Tulsa-based Williams leaders remain exuberant about the company’s operations in 2019 and what lies ahead even though the company’s revenues of $2.1 billion for the fourth quarter 2019 decreased from $2.2 billion a year ago.
Fourth quarter net income from continuing operations and available to common stockholders was $138 million, up $710 million over the fourth quarter of 2018. Net income per share was 11 cents compared to the 47-cent net loss per share a year earlier. But the adjusted earnings per share were 24 cents.
Total capital expenditure in the fourth quarter was $408 million, down from the $868 million a year ago. As of Dec. 31, 2019, Williams had cash and cash equivalents of $289 million and a long-term debt of $20.1 billion with a debt-to-capitalization ratio of 55.2%.
For the year, Williams saw growth, and a lot of it. Net income was $862 million, an increase of $1 billion over the 2018 net income. The net income per share was 71 cents compared to the loss of 16 cents a share in 2018.
The adjusted income per share was 99 cents, 25% more than 2018. The company’s adjusted EBITDA was $5.02 billion, up $377 million or 8% over 2018.
The record 2019 adjusted EBITDA was driven by strong growth in Atlantic-Gulf and the Northeast as well as record fourth quarter volumes.
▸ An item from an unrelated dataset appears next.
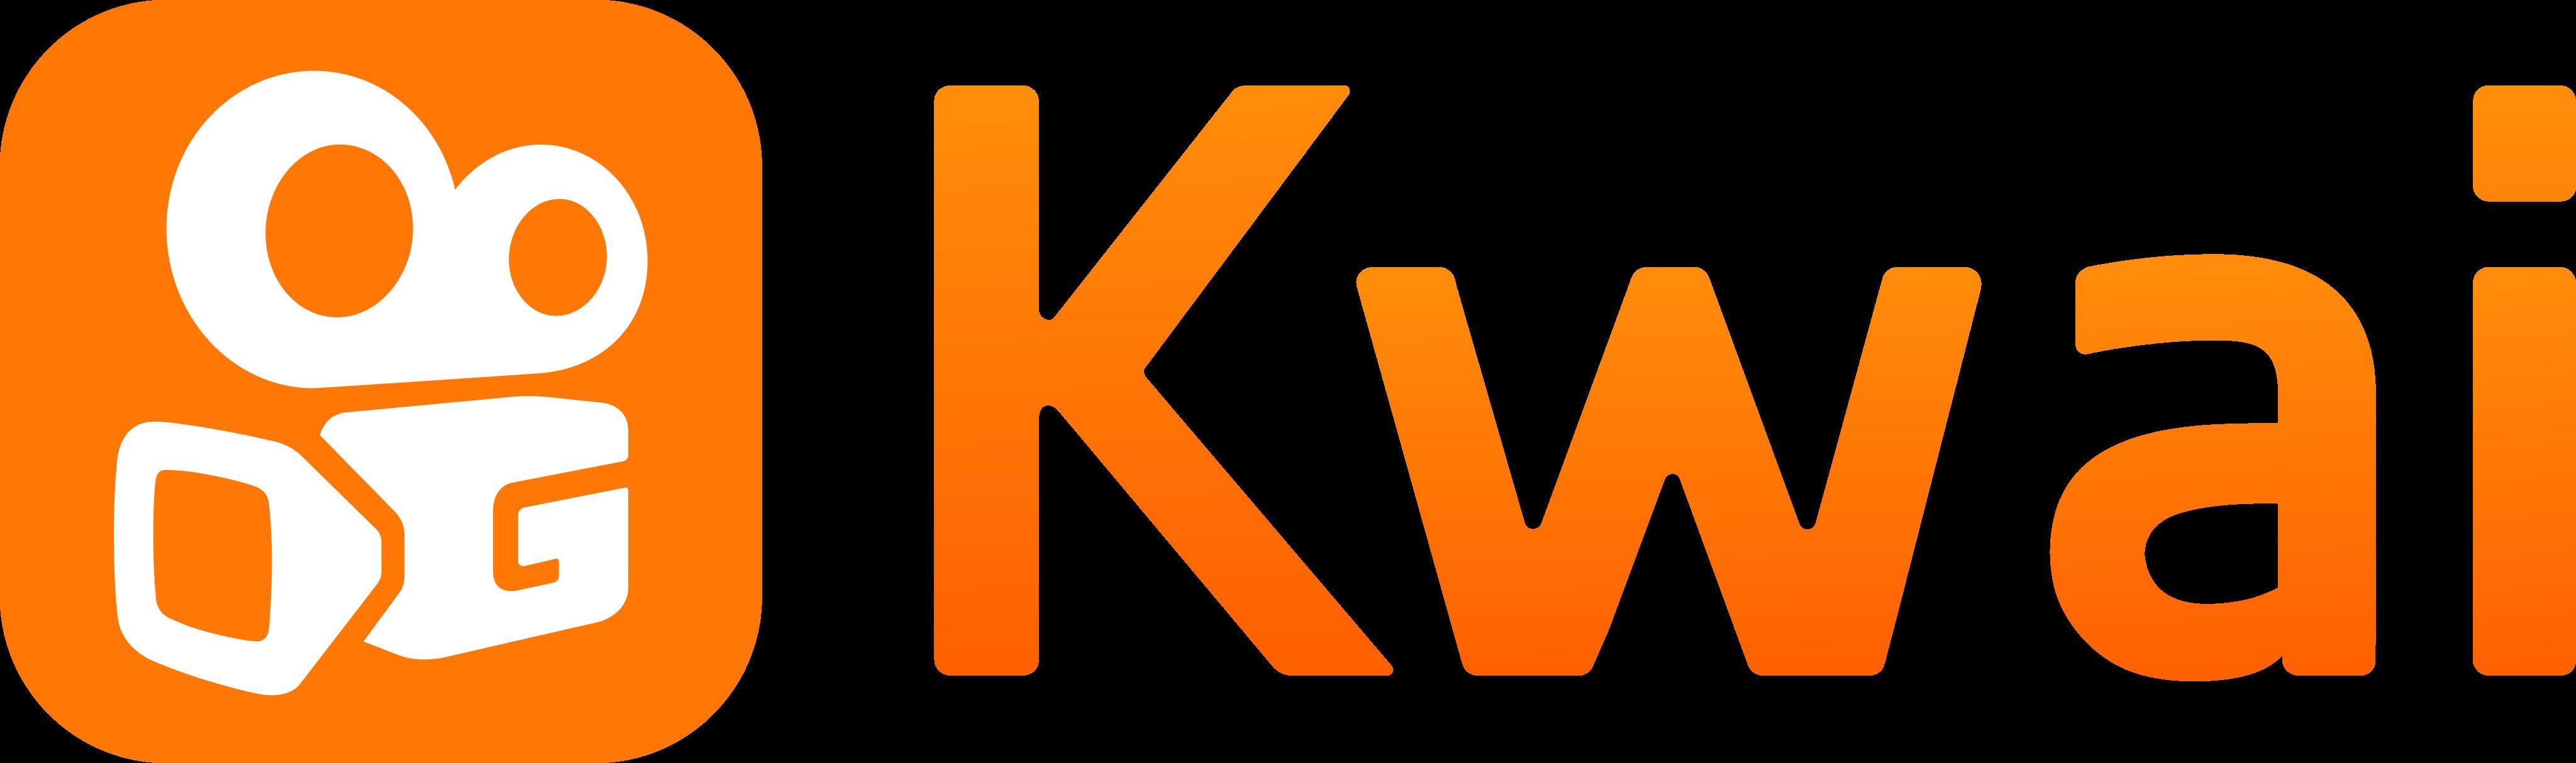 kwai logo 2 - Kwai Logo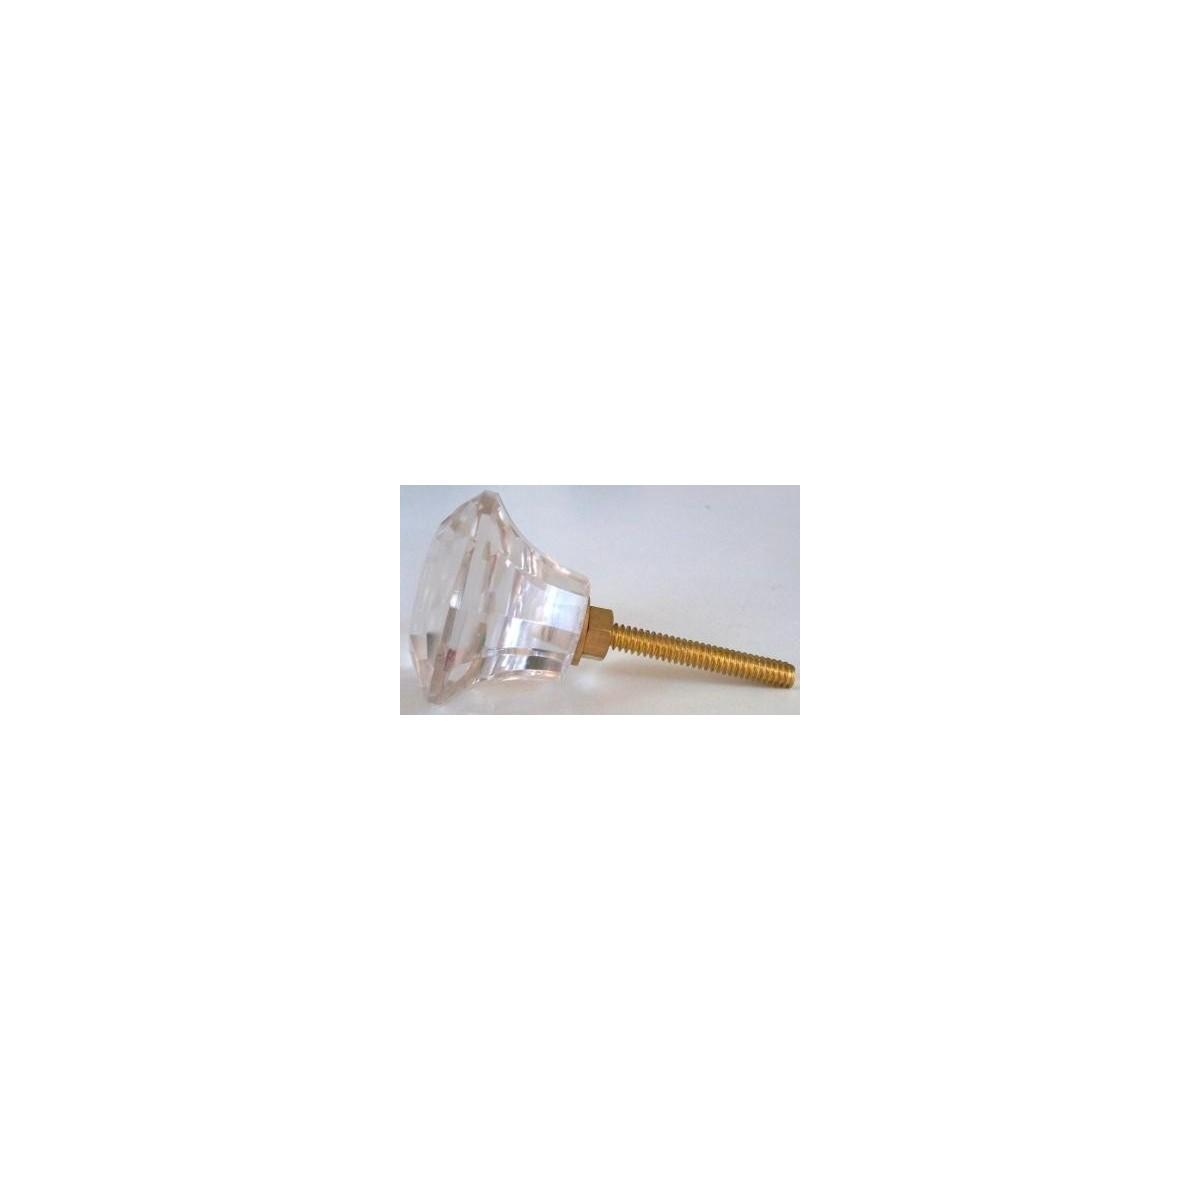 Bouton de meuble cabochon verre transparent boh me 3 90 gl1 - Bouton de meuble en verre ...

“Williams achieved yet another year of record results in 2019, once again delivering impressive year-over-year growth and exceeding guidance midpoints in our key financial metrics while dramatically reducing capital expenditures,”said Alan Armstrong, president and chief executive officer. “These results were underpinned by our strong operations – we set records for both gathered volumes and firm reserved transportation capacity, and our safety metrics continue to improve. We also generated cash in excess of dividends and capital expenditures, reflecting the combined impact of strong business performance, capital discipline and our ongoing portfolio optimization efforts.”
He thinks the company is in good shape looking forward to 2020 operations.
“Williams remains extremely well-positioned to capture long-term sustainable growth with our natural gas focused strategy. We continue to see demand for new transport capacity along our premier interstate transmission systems, and the scale and location of our deepwater Gulf of Mexico assets provide a strong competitive advantage to capture emerging growth opportunities.”
Armstrong added, “Natural gas has been – and will continue to be – a cornerstone of our nation’s prosperity in the 21st century and a critical part of our clean energy future. Abundant, low cost and reliable natural gas has driven significant reductions in U.S. CO2 emissions, lowered consumers’ utility bills and paved the way for investment in renewables. As the American energy leader that safely handles 30% of the nation’s natural gas, Williams’ large-scale infrastructure is ready to meet continued demand growth, both in the U.S. and abroad.”